Your answer is the lines below, exactly, from the one that contains "Prawdopodobną przyczyną wypadku" through the one that contains "The Ramón Sánchez-Pizjuán", both included.

※

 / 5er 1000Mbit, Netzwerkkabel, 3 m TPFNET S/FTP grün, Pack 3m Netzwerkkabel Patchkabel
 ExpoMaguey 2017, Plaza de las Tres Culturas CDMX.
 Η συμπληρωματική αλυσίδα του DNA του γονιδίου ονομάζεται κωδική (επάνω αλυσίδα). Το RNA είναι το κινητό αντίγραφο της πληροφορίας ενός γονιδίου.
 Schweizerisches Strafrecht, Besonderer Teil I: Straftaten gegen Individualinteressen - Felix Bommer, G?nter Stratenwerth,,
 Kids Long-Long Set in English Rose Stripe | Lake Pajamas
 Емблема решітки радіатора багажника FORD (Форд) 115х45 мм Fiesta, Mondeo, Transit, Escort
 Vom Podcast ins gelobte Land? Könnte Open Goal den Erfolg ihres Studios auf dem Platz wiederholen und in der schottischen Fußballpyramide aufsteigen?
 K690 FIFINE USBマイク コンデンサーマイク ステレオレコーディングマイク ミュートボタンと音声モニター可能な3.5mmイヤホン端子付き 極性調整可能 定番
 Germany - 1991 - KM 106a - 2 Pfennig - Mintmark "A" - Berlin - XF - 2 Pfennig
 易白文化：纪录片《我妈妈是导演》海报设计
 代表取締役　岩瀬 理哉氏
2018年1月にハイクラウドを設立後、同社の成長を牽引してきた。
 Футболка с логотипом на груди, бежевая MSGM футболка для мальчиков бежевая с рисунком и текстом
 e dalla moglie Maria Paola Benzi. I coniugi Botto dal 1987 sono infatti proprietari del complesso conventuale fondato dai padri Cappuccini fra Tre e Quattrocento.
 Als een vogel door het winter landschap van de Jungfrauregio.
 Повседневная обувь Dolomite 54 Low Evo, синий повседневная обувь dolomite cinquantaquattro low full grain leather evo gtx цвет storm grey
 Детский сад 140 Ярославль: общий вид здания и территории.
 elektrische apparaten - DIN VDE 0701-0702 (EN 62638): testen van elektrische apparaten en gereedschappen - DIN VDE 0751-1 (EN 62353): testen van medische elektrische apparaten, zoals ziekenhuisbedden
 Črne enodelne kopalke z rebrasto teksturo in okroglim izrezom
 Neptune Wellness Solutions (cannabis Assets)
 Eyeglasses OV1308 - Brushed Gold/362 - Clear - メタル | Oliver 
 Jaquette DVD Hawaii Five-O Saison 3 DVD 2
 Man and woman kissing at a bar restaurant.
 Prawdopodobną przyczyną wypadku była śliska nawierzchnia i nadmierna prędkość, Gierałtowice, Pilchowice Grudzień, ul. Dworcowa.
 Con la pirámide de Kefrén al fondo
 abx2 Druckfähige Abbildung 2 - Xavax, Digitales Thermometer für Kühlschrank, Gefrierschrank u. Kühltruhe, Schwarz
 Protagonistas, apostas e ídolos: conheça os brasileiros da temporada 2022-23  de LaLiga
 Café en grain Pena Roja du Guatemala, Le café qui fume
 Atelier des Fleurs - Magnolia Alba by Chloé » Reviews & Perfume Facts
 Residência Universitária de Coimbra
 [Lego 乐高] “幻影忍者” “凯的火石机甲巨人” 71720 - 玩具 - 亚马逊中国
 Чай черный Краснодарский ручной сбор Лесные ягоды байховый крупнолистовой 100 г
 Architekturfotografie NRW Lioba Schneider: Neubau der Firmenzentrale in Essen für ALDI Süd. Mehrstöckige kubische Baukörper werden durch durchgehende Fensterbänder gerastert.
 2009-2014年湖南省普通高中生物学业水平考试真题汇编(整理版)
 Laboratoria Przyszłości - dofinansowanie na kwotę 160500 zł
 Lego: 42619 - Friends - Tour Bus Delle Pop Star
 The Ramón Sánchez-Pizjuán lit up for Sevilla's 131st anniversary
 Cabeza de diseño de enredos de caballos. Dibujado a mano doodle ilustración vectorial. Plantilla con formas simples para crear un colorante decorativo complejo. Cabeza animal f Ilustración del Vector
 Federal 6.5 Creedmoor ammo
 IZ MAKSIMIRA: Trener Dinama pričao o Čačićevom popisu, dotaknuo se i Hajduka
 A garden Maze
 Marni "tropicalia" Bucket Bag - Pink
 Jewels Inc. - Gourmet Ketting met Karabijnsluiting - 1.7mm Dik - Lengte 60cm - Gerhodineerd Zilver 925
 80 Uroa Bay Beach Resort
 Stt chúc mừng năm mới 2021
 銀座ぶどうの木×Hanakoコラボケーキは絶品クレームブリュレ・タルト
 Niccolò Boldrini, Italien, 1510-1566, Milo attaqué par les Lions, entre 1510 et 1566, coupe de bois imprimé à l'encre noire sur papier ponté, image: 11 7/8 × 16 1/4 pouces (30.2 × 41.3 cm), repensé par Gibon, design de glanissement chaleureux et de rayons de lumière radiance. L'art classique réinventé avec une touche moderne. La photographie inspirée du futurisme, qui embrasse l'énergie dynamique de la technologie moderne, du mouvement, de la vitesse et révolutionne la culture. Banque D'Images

※

#### RESULT FOR THIS EXERCISE
 Prawdopodobną przyczyną wypadku była śliska nawierzchnia i nadmierna prędkość, Gierałtowice, Pilchowice Grudzień, ul. Dworcowa.
 Con la pirámide de Kefrén al fondo
 abx2 Druckfähige Abbildung 2 - Xavax, Digitales Thermometer für Kühlschrank, Gefrierschrank u. Kühltruhe, Schwarz
 Protagonistas, apostas e ídolos: conheça os brasileiros da temporada 2022-23  de LaLiga
 Café en grain Pena Roja du Guatemala, Le café qui fume
 Atelier des Fleurs - Magnolia Alba by Chloé » Reviews & Perfume Facts
 Residência Universitária de Coimbra
 [Lego 乐高] “幻影忍者” “凯的火石机甲巨人” 71720 - 玩具 - 亚马逊中国
 Чай черный Краснодарский ручной сбор Лесные ягоды байховый крупнолистовой 100 г
 Architekturfotografie NRW Lioba Schneider: Neubau der Firmenzentrale in Essen für ALDI Süd. Mehrstöckige kubische Baukörper werden durch durchgehende Fensterbänder gerastert.
 2009-2014年湖南省普通高中生物学业水平考试真题汇编(整理版)
 Laboratoria Przyszłości - dofinansowanie na kwotę 160500 zł
 Lego: 42619 - Friends - Tour Bus Delle Pop Star
 The Ramón Sánchez-Pizjuán lit up for Sevilla's 131st anniversary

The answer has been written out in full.